(THE DATA)

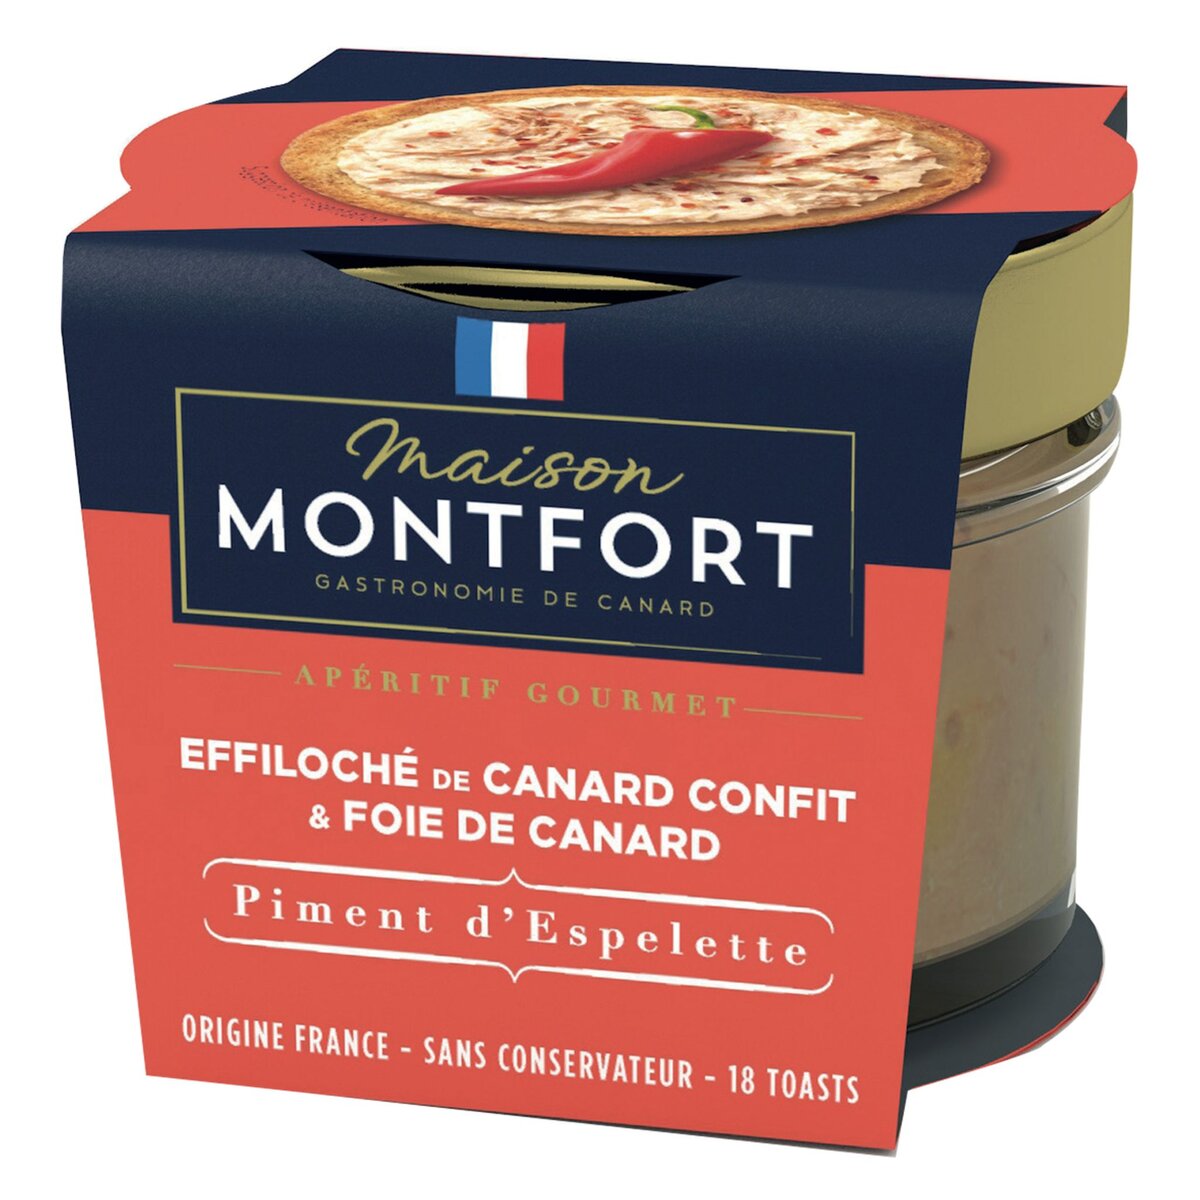 MAISON MONTFORT Effiloché de canard confit et foie de canard au piment d'espelette France 18 toasts 90g
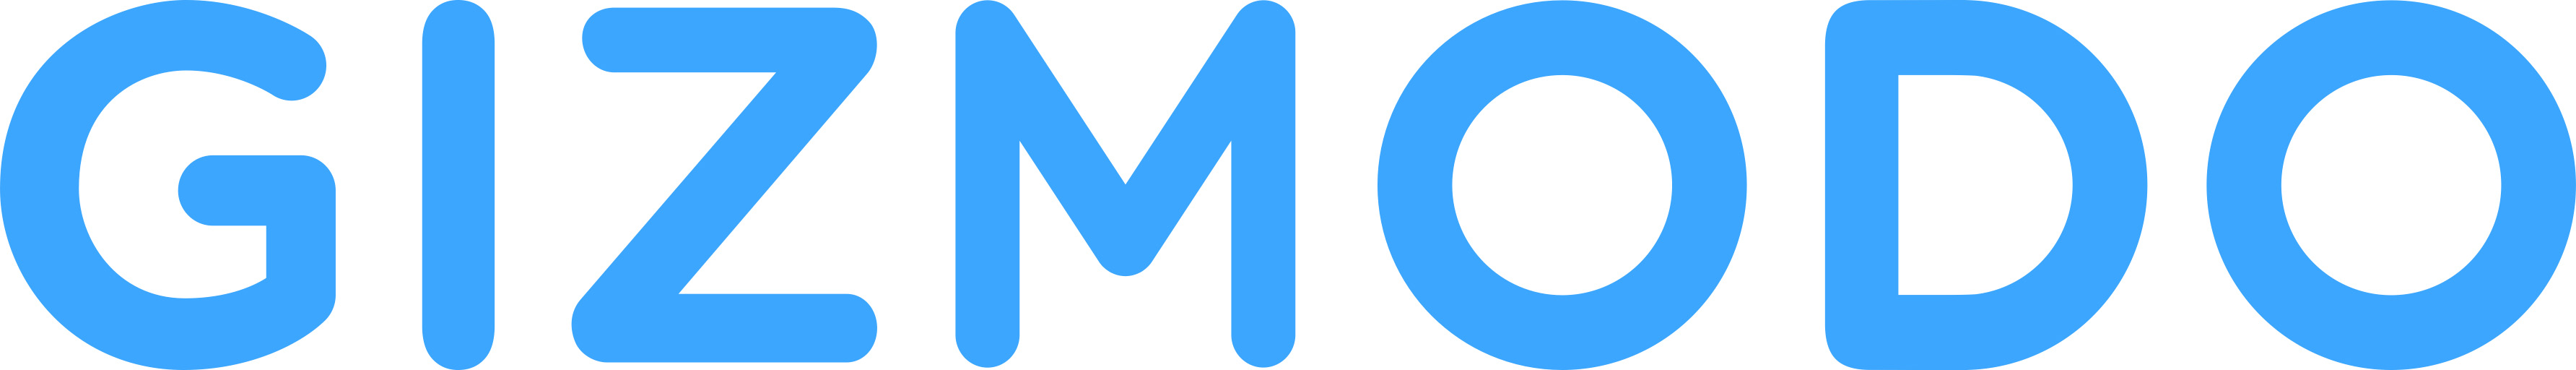 Gizmodo logo - color
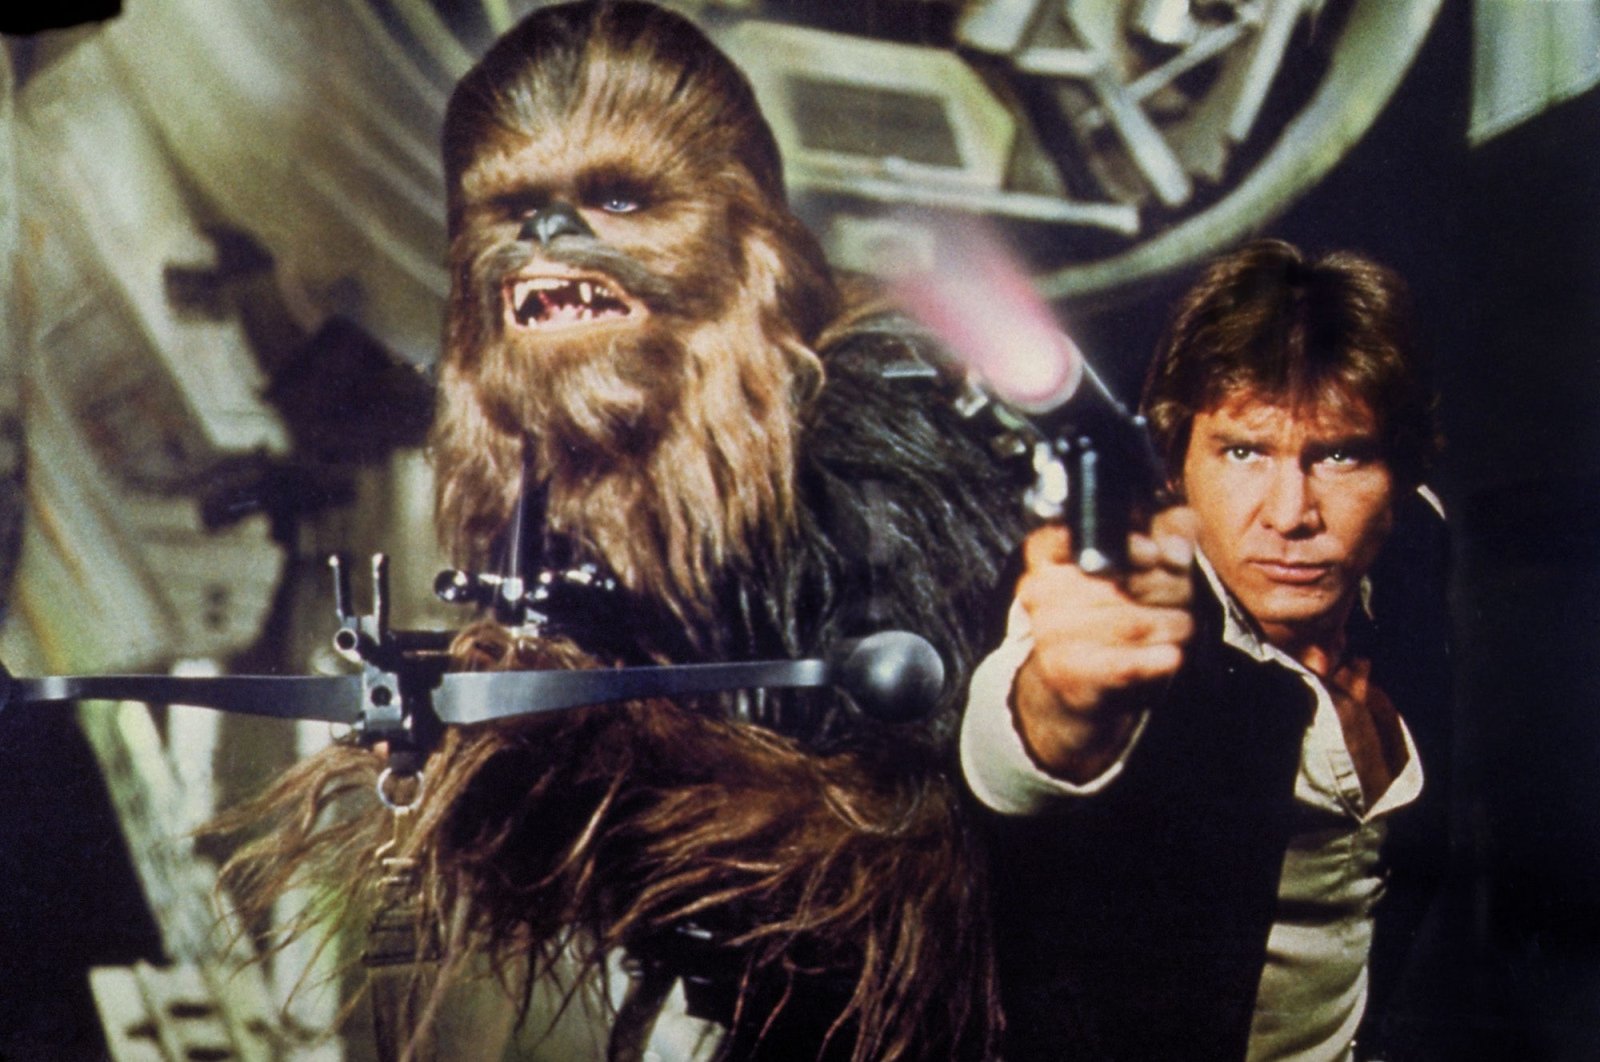 Pistol prop yang digunakan oleh Han Solo di “Star Wars” terjual lebih dari  juta
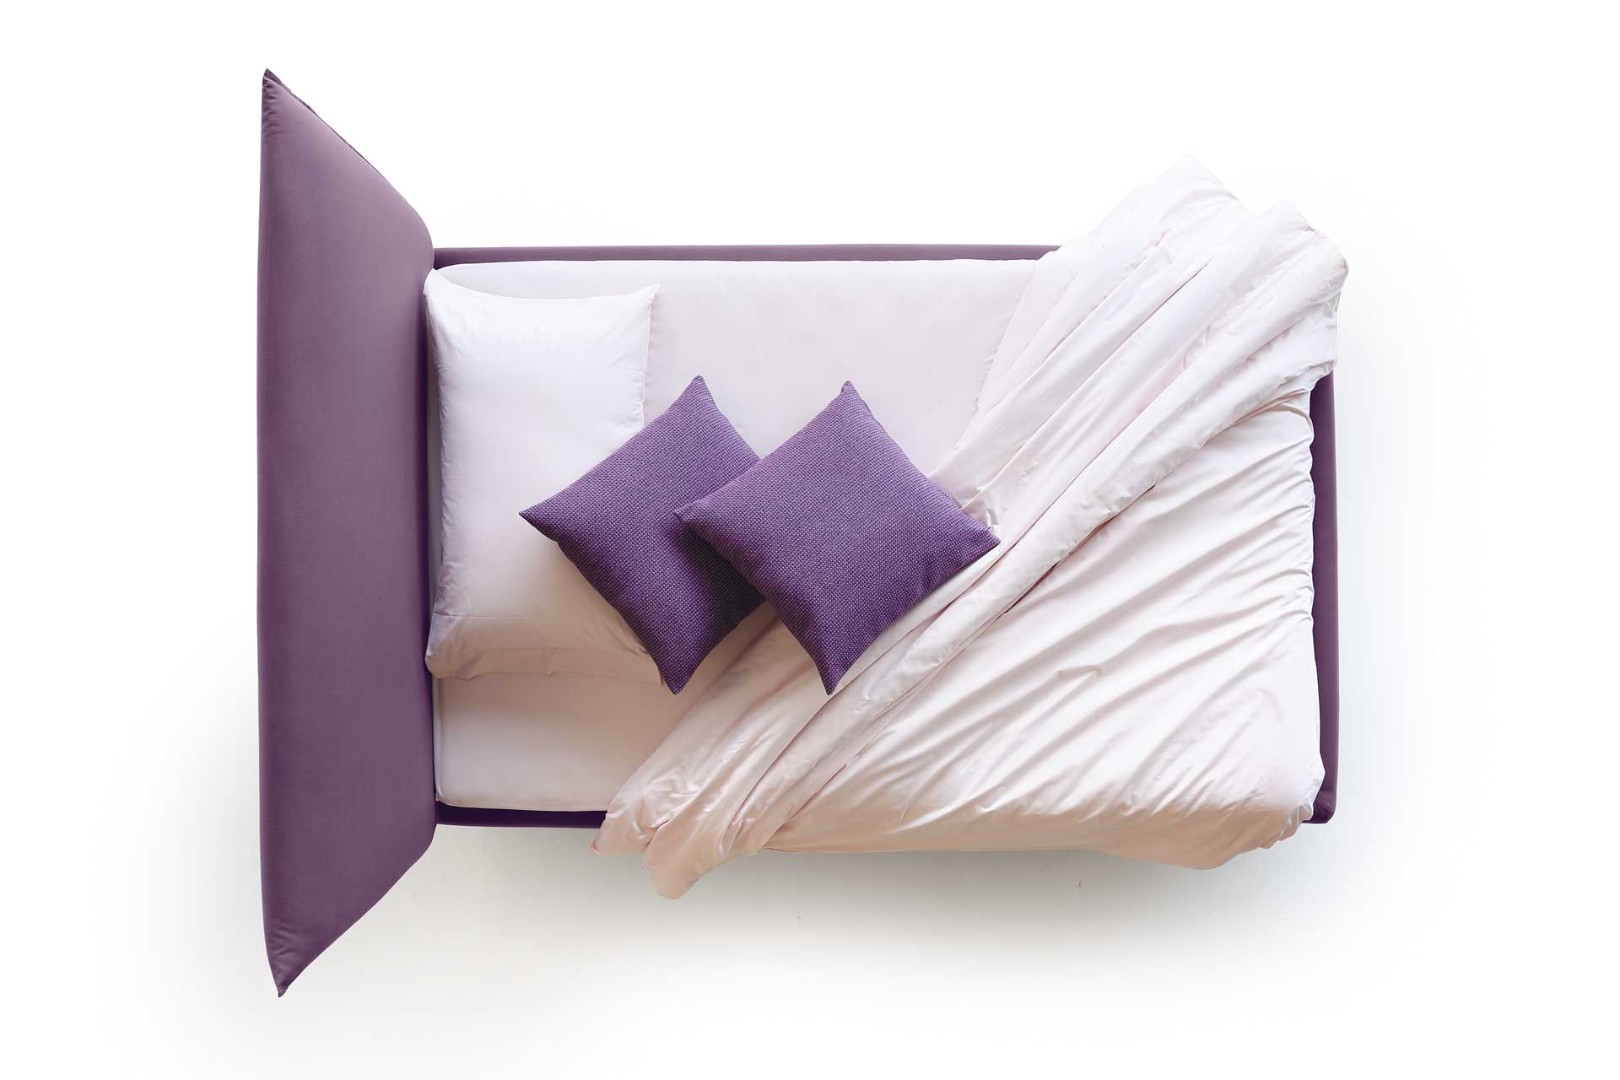 Кровать Hug 04 Soft — ₽, купить у официального дилера Nicolettihome

(End THE DATA)

The required output is every line of the data above, set down exactly and stripped of pictures.

# [FINISHED EXERCISE]
 MAISON MONTFORT Effiloché de canard confit et foie de canard au piment d'espelette France 18 toasts 90g
 Gizmodo logo - color
 Pistol prop yang digunakan oleh Han Solo di “Star Wars” terjual lebih dari  juta
 Кровать Hug 04 Soft — ₽, купить у официального дилера Nicolettihome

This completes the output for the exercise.